» **Instructions to follow**:
Only the lines from the one containing "Fancy Мягкая игрушка Мышка" through the end of the listing belong in the answer, repeated exactly, with no pictures.

» **Source data**:

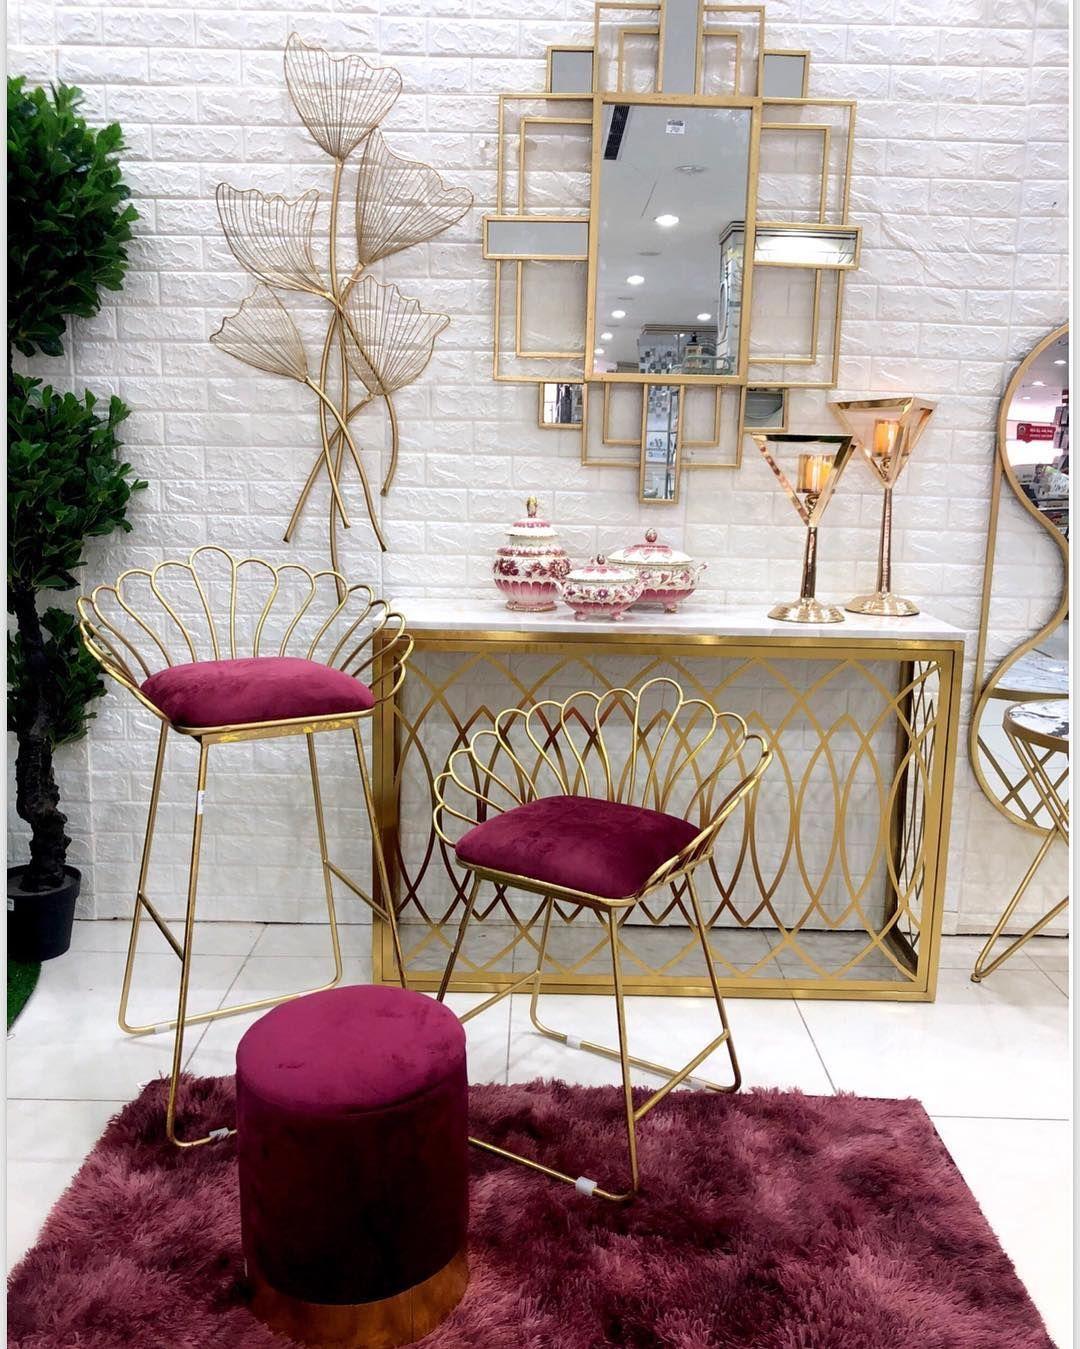 Pin By Mahassen Chahine On Decor Decor Interior Design Home Decor
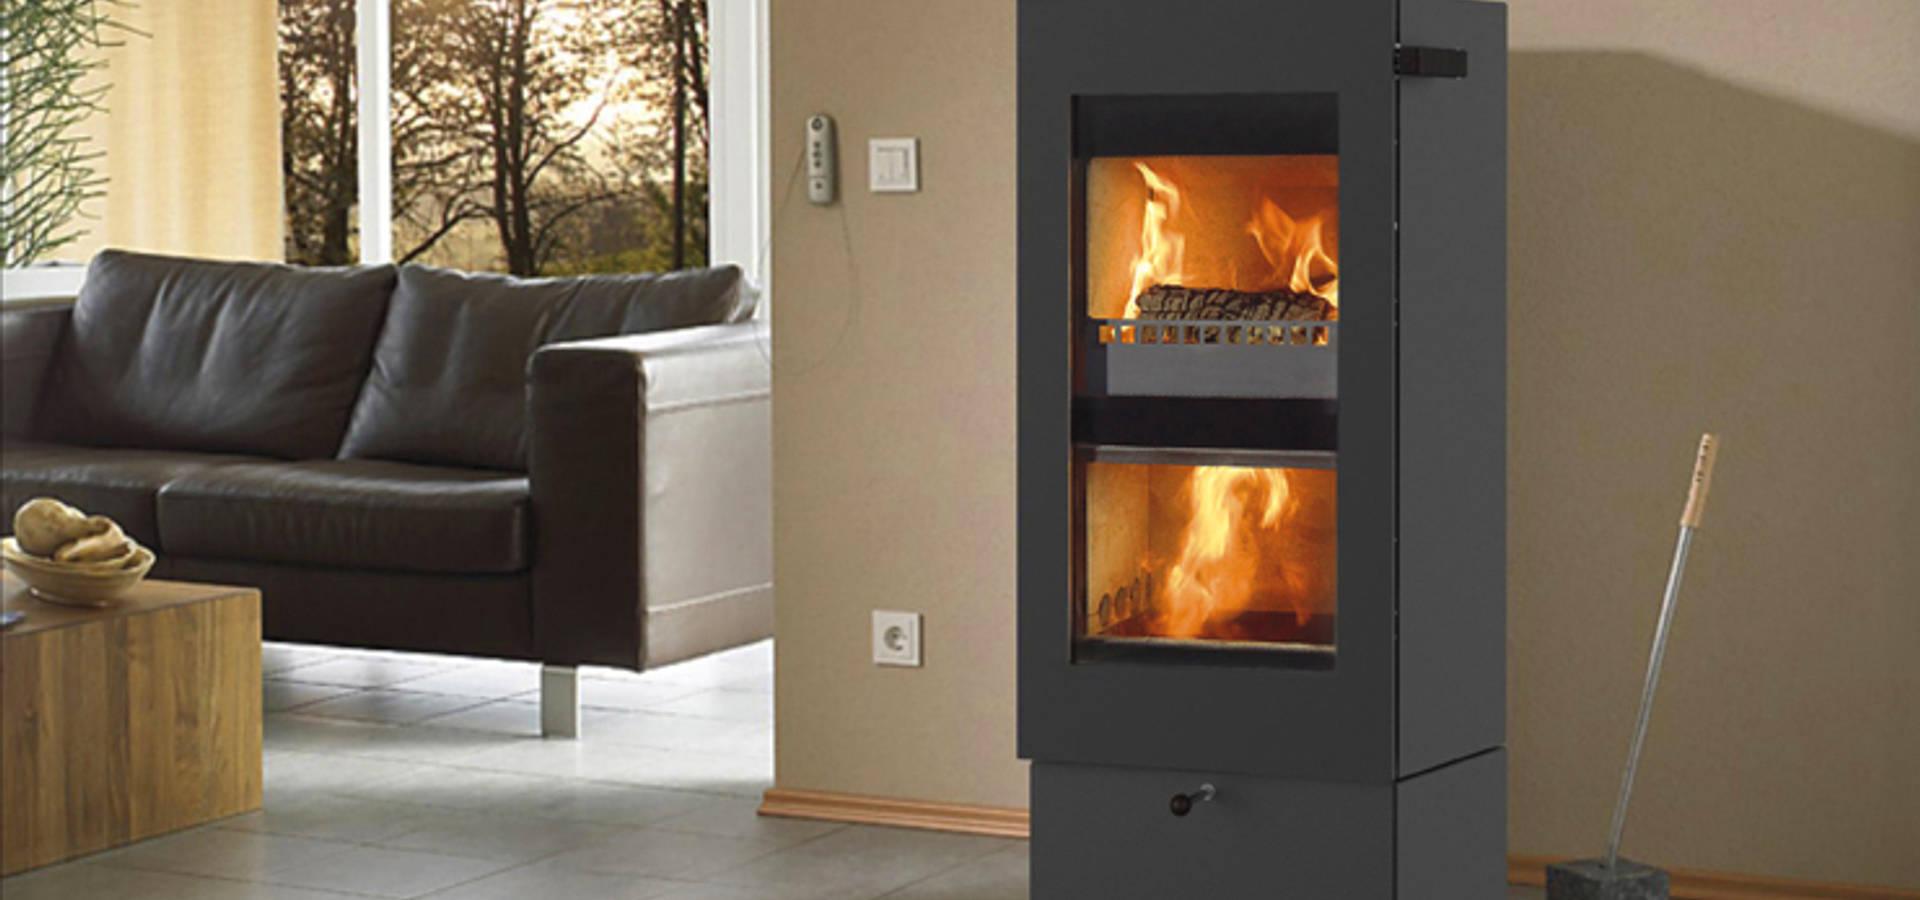 xeoos kaminofen twinfire von kaminstudio francois homify. Black Bedroom Furniture Sets. Home Design Ideas
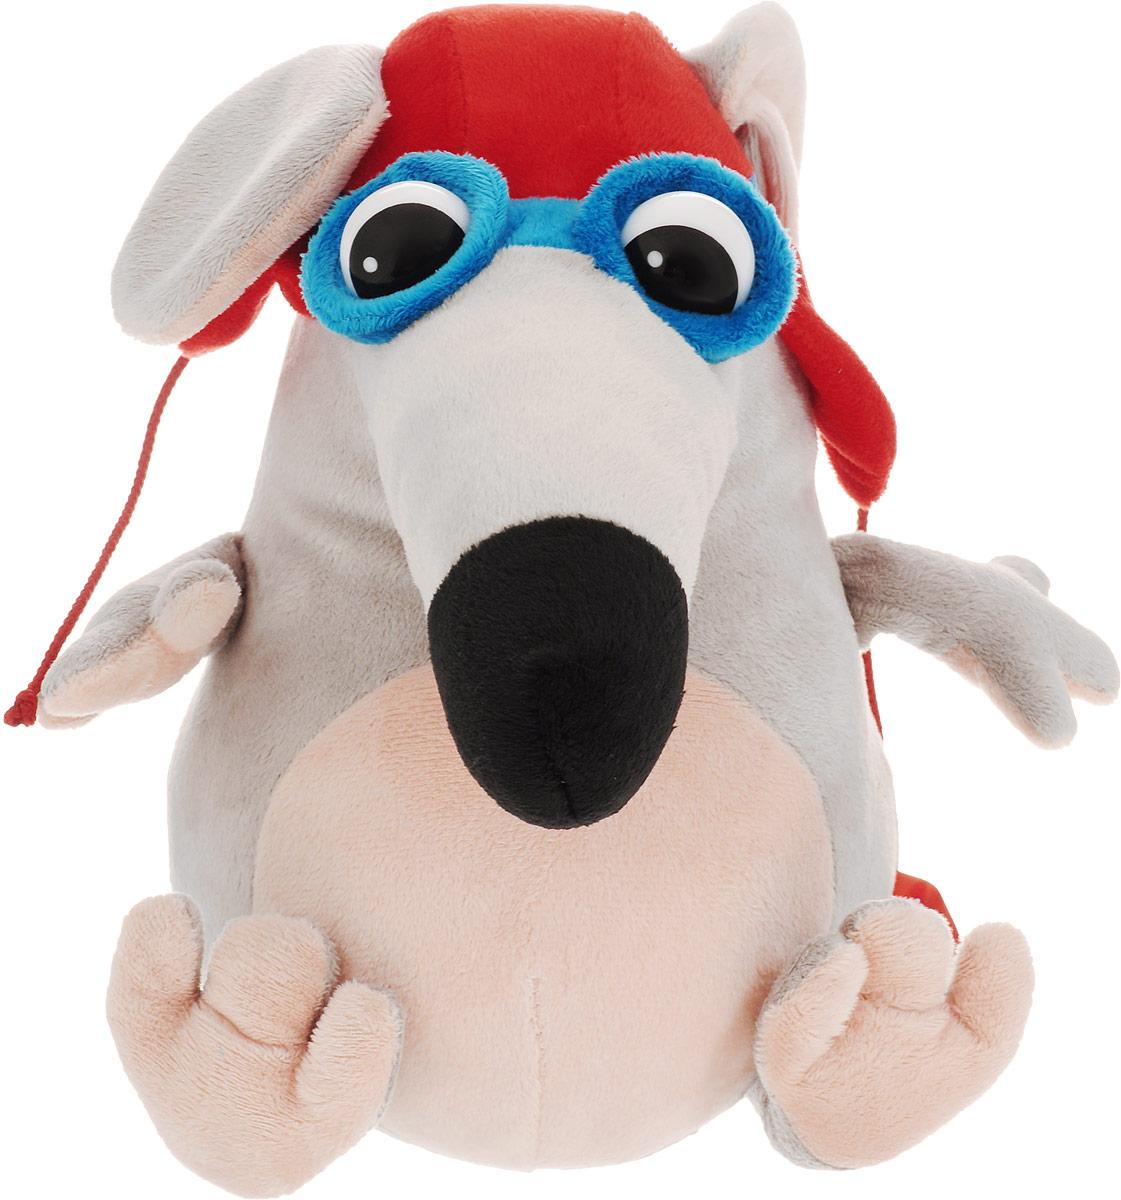 Fancy Мягкая игрушка Мышка Пилот 23 см fancy мягкая игрушка собака соня 70 см
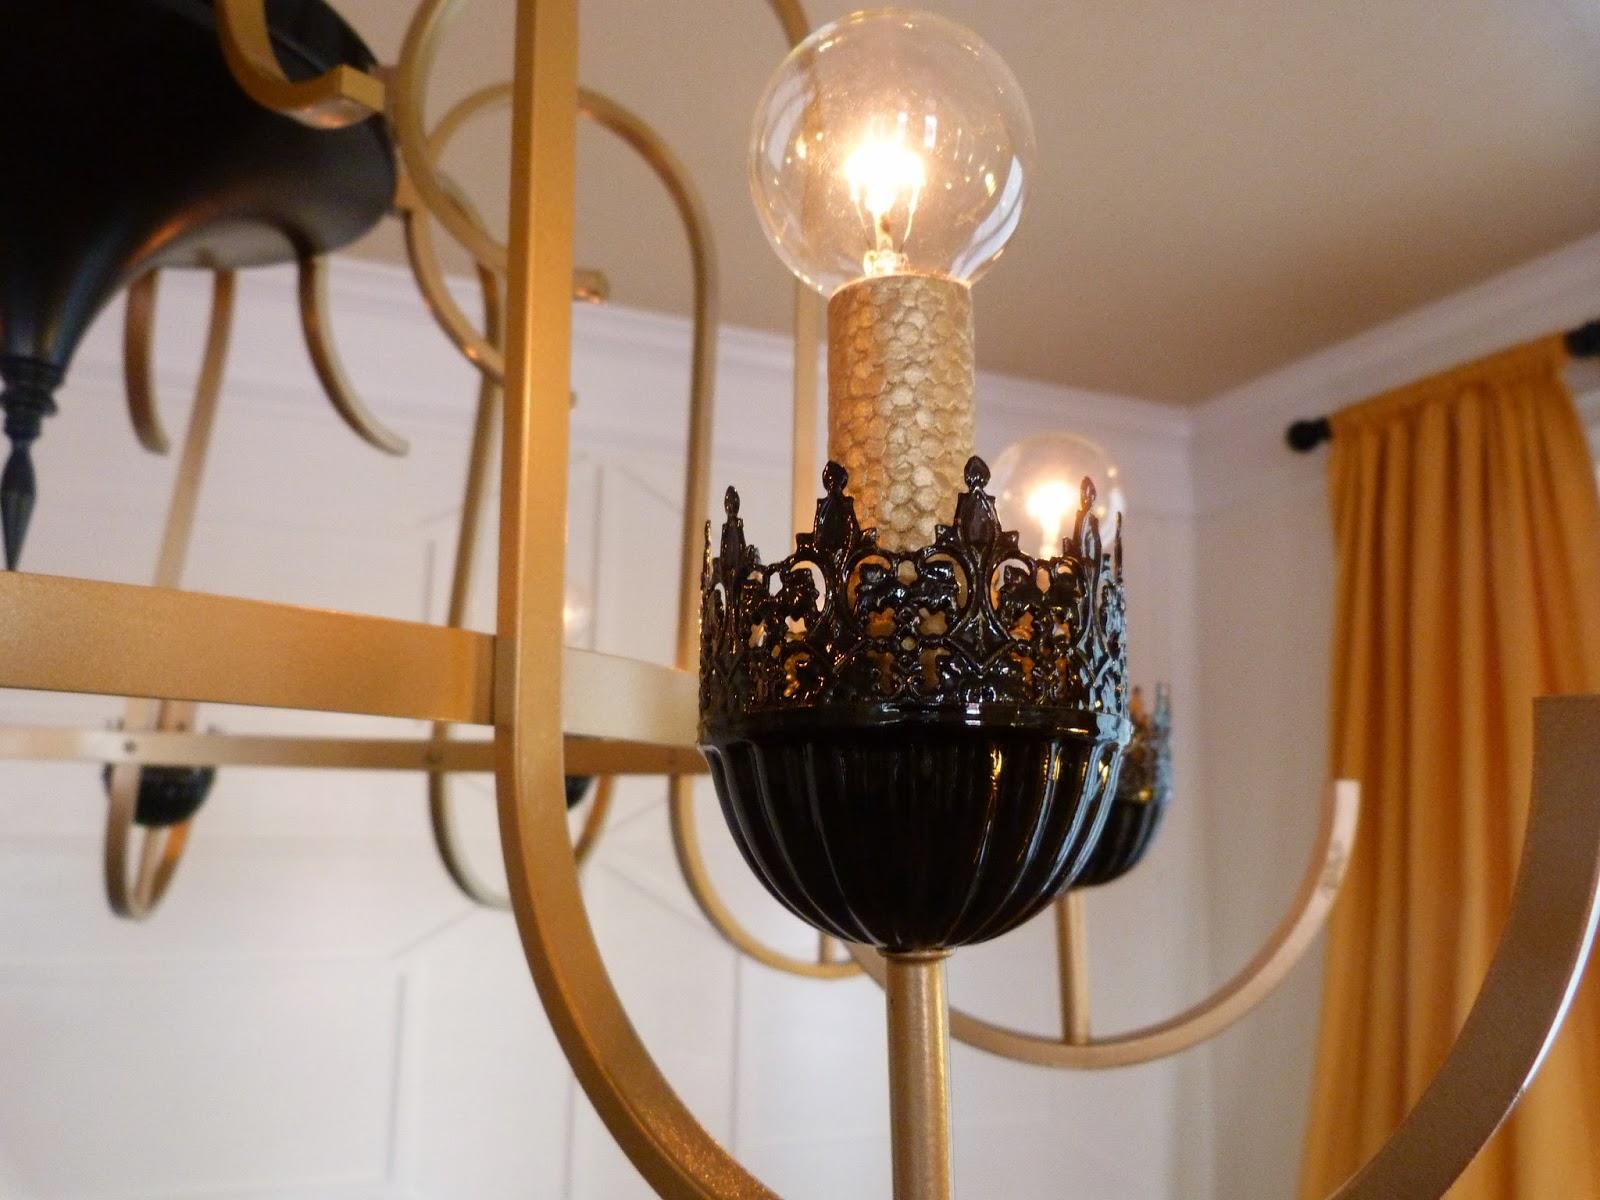 House Envy REVEAL Floor to Ceiling Trim & Chandelier Facelift

» **Exercise solution**:
 Fancy Мягкая игрушка Мышка Пилот 23 см fancy мягкая игрушка собака соня 70 см
 House Envy REVEAL Floor to Ceiling Trim & Chandelier Facelift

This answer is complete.